Law School Case Brief
Lucey v. Hero Int'l Corp. - 361 Mass. 569, 281 N.E.2d 266 (1972)
The authority to manage the business affairs of a corporation is primarily vested in its board of directors. Its president and treasurer, merely as the holders of those offices, have little or no inherent power to bind the corporation outside of a comparatively narrow circle of functions specially pertaining to their offices.
Defendant Hero International Corporation was the owner of a large tract of land in Richmond. In 1969, Defendant’s board of directors voted that the corporation sell the land to Plaintiff, John Lucey, and that Defendant's President, Henry Rose, be authorized to sign the deed and any other papers needed to effectuate the transfer.

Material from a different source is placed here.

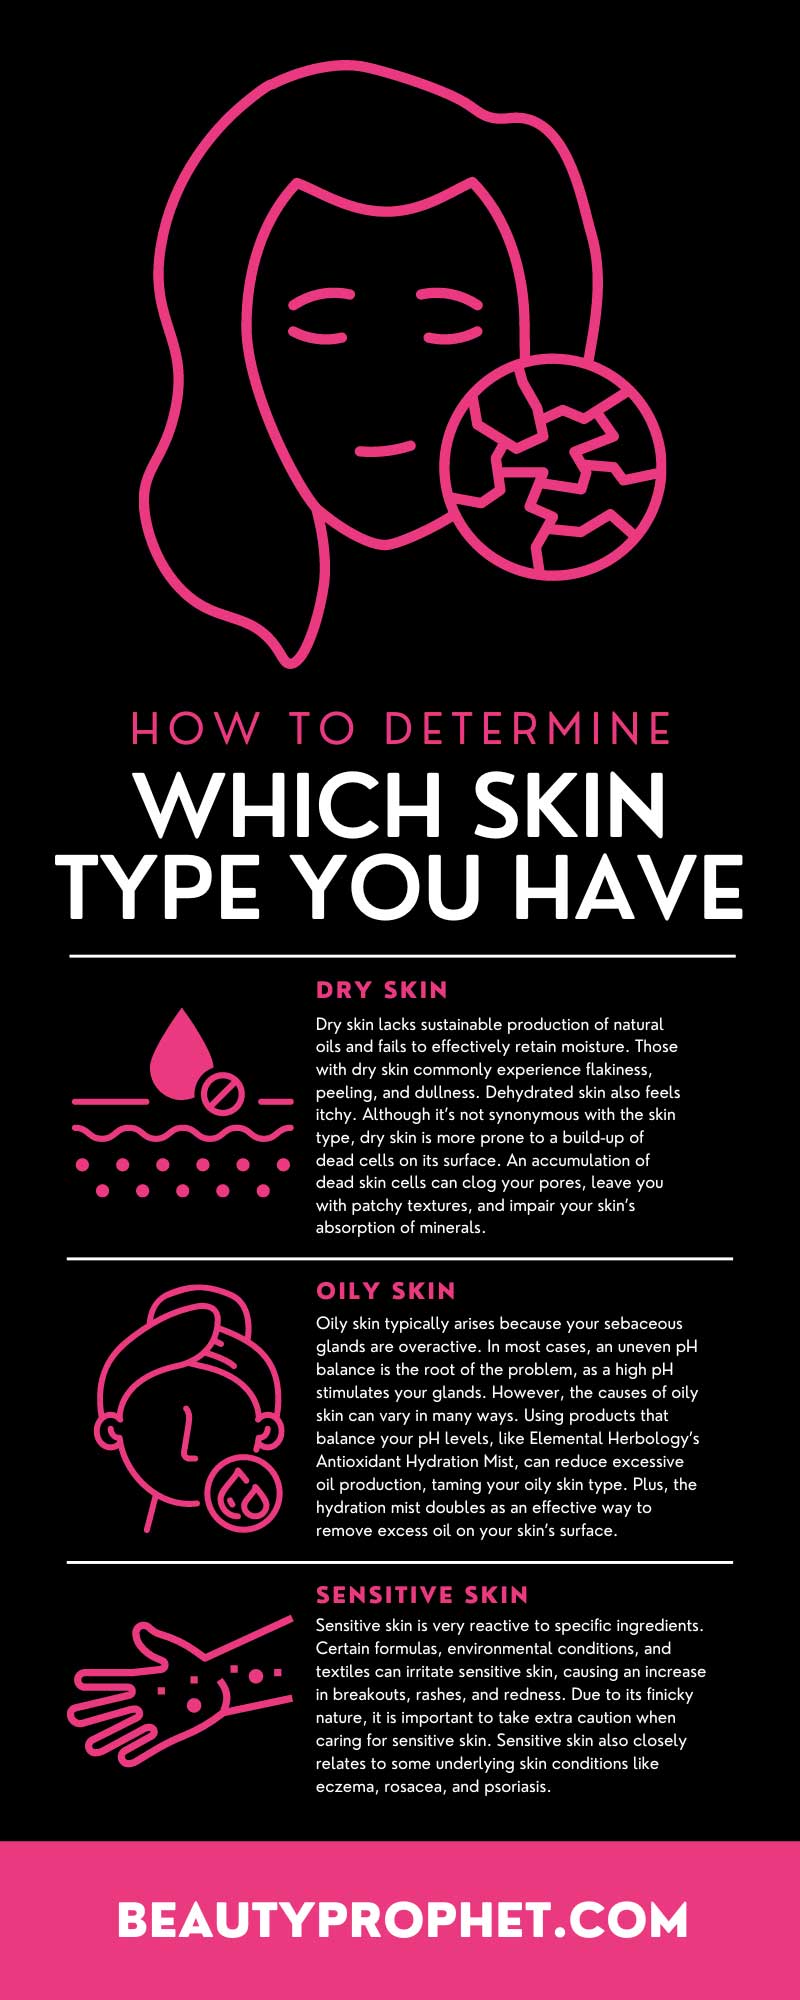 How To Determine Which Skin Type You Have

No other corporate vote on the matter was ever taken. On March 13, 1969, defendant conveyed to the plaintiff by warranty deed the five-acre parcel. The transaction was consummated by the defendant’s attorney. At that same meeting, the plaintiff executed a real estate sales agreement that granted plaintiff an option to purchase additional specified land belonging to the defendant. The agreement was mailed to Rose who, without consulting the other officers of the corporation, deleted from the option paragraph the specification of the land that the plaintiff had the option to buy. In August 1969, the plaintiff met Rose and told him that the defendant was obliged to sell to the plaintiff whatever portion of the defendant’s remaining land he wished to buy. No agreement was reached, whereupon Lucey commenced the present litigation. Defendant company appealed an interlocutory and final decree confirming a master’s report ordering it to convey land to the purchaser under the agreement.
Pursuant to the option granted to the plaintiff, did the defendant have the obligation to convey to the plaintiff whatever land the latter wished to buy?
The Court determined that the authorization given by the corporation’s board of directors did not confer upon Rose the authority to grant the plaintiff an option to purchase at a subsequent time additional land belonging to the defendant. According to the Court, since the authorizing instrument was the result of the formal corporate action taken at a duly called meeting of the corporation’s board of directors, the instrument can be assumed to spell out the intent of the principal accurately with a high degree of particularity. The Court averred that no express or implied authority was granted on the part of Rose to enter into the option agreement, and neither did the corporation ratify the option. Furthermore, the Court held that an agreement giving an option to purchase land “as mutually agreed upon by both parties” was too indefinite to be specially enforced because it did not contain a sufficient description of the land subject to the option but instead left the location for future negotiation.